__PROBLEM TO WORK ON__. All lines in the records below from the line with "Burgundy ( red" through the line with "Ödeckarna - Rymlingen, e-bog" are to be given again exactly, both ends included; the pictures are to be left out.

+++ DATA FOR REVIEW

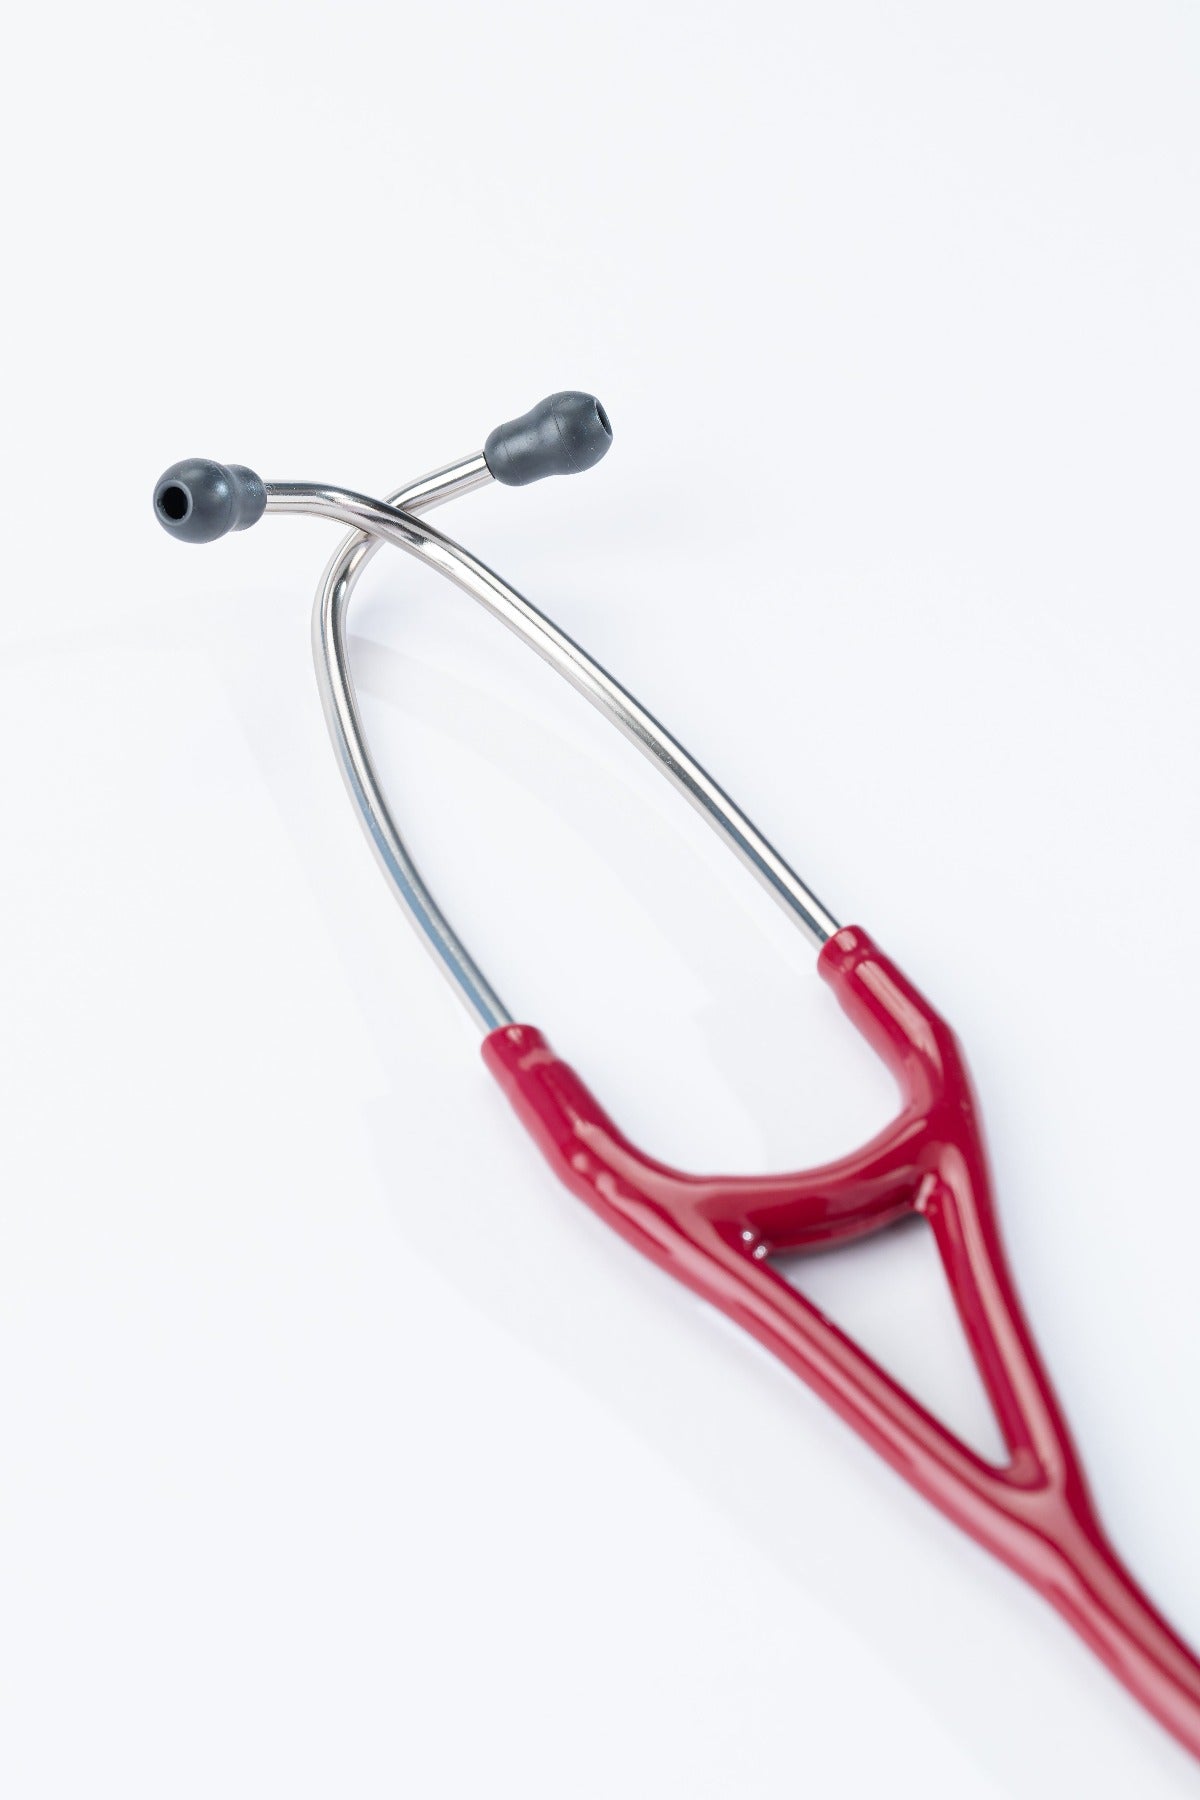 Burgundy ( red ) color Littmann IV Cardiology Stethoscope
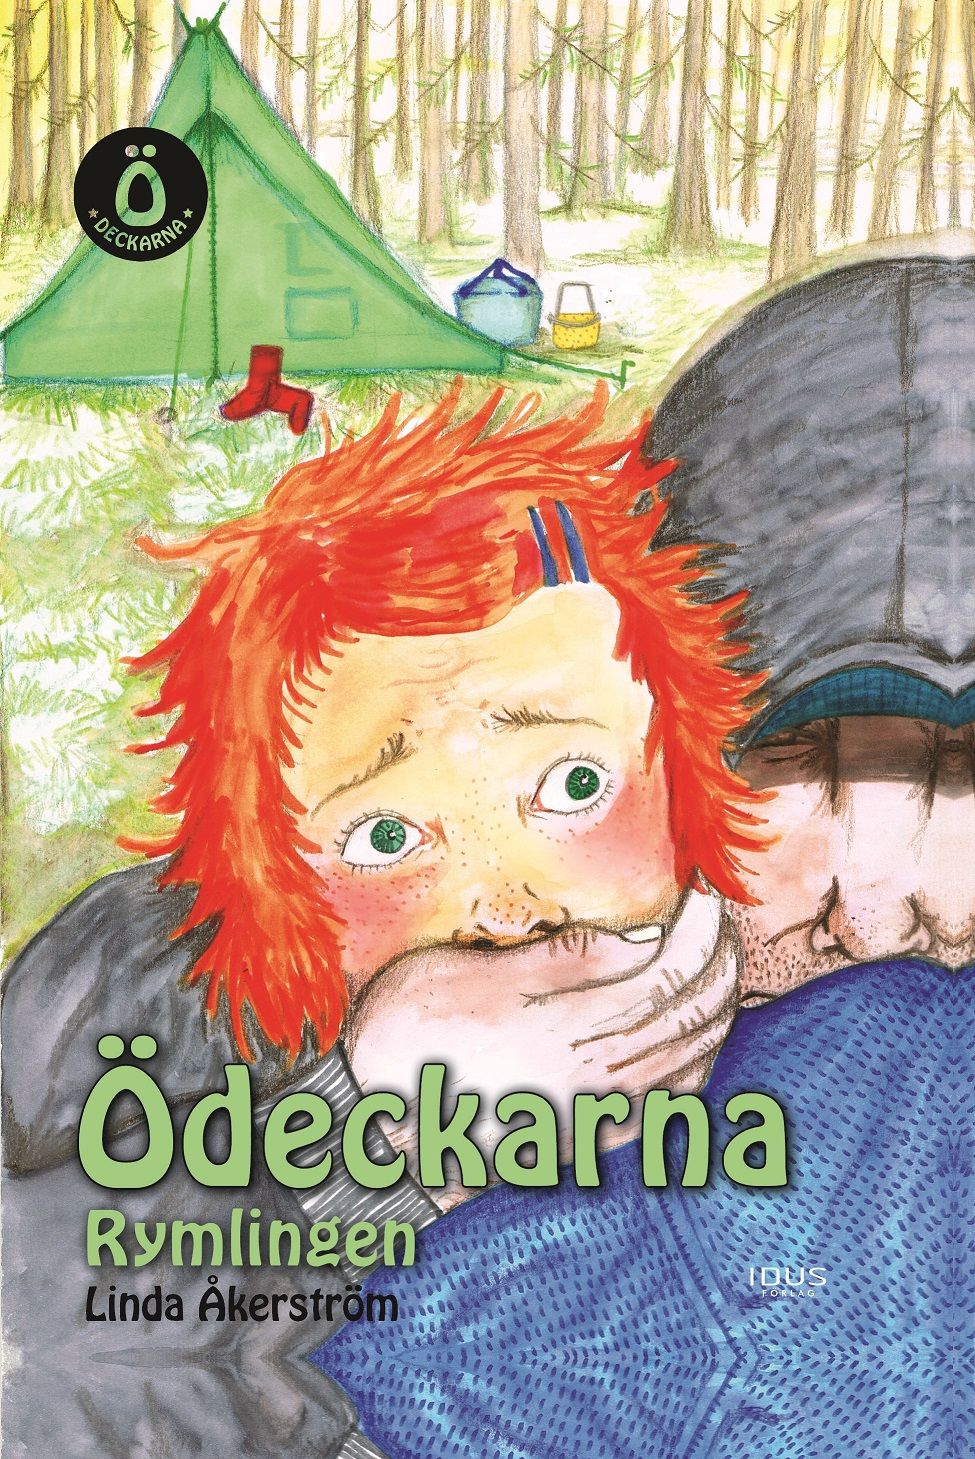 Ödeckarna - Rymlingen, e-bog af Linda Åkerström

++++++
+++ DATA FOR REVIEW

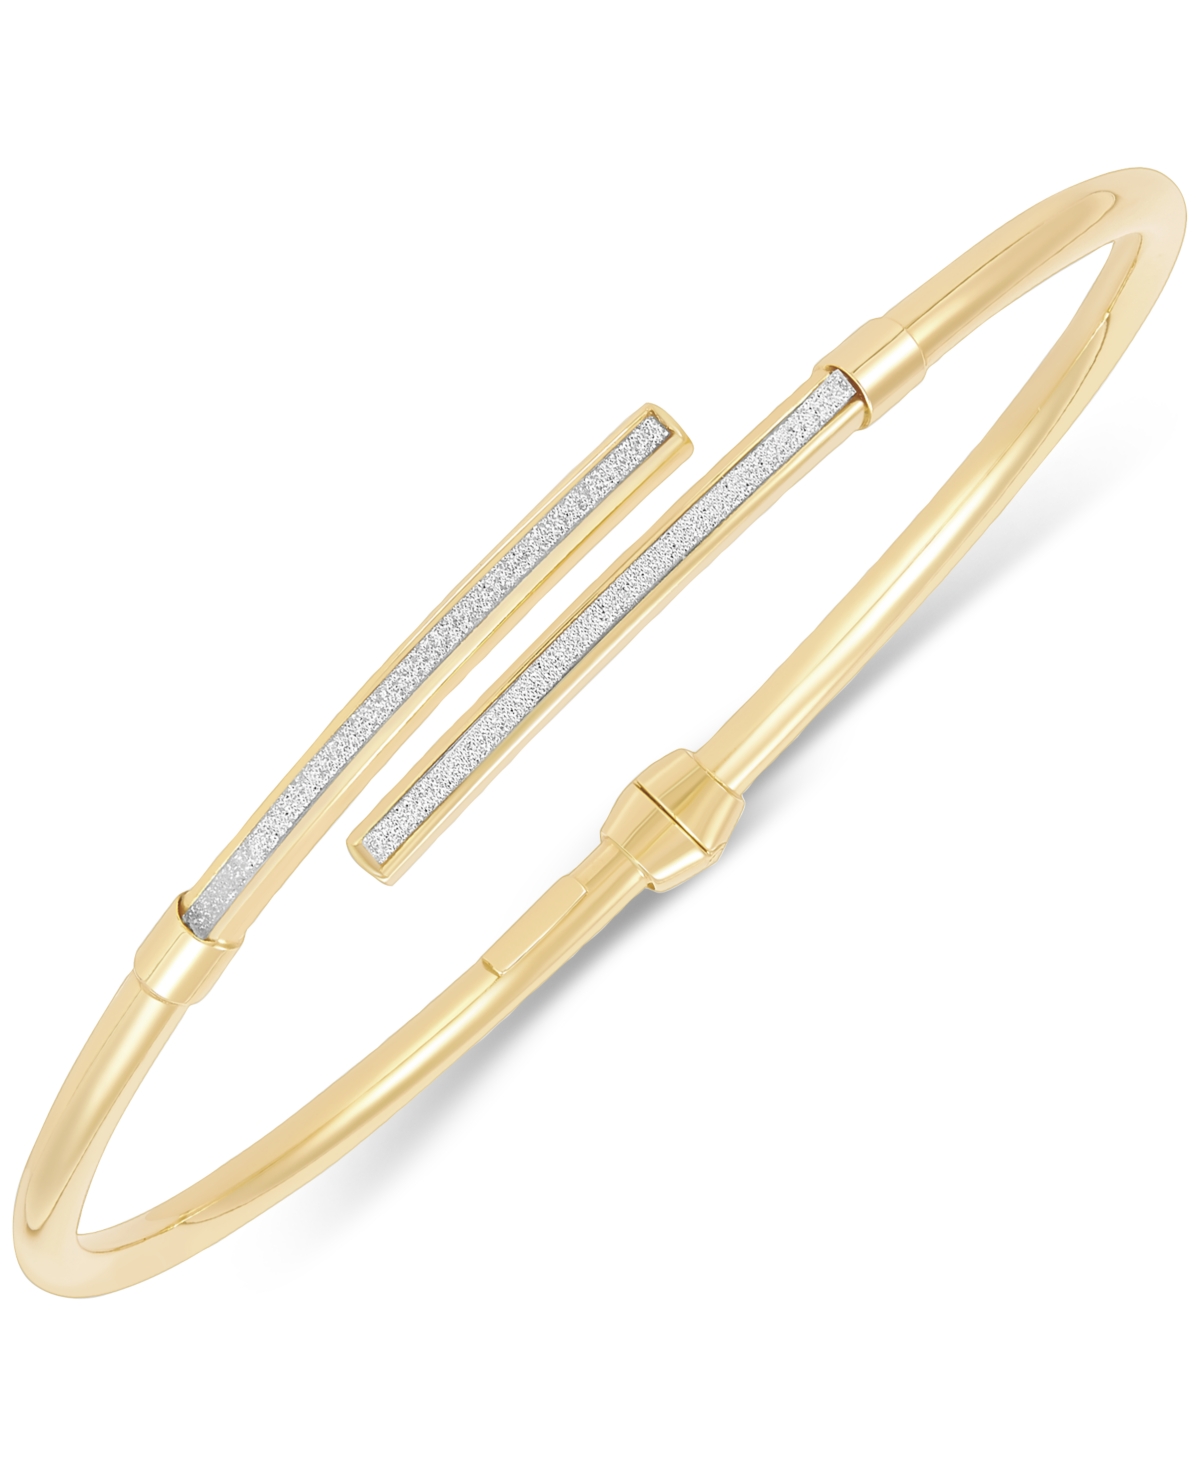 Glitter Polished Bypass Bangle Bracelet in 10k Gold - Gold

++++++

__ANSWER BELOW__.
 Burgundy ( red ) color Littmann IV Cardiology Stethoscope
 Ödeckarna - Rymlingen, e-bog af Linda Åkerström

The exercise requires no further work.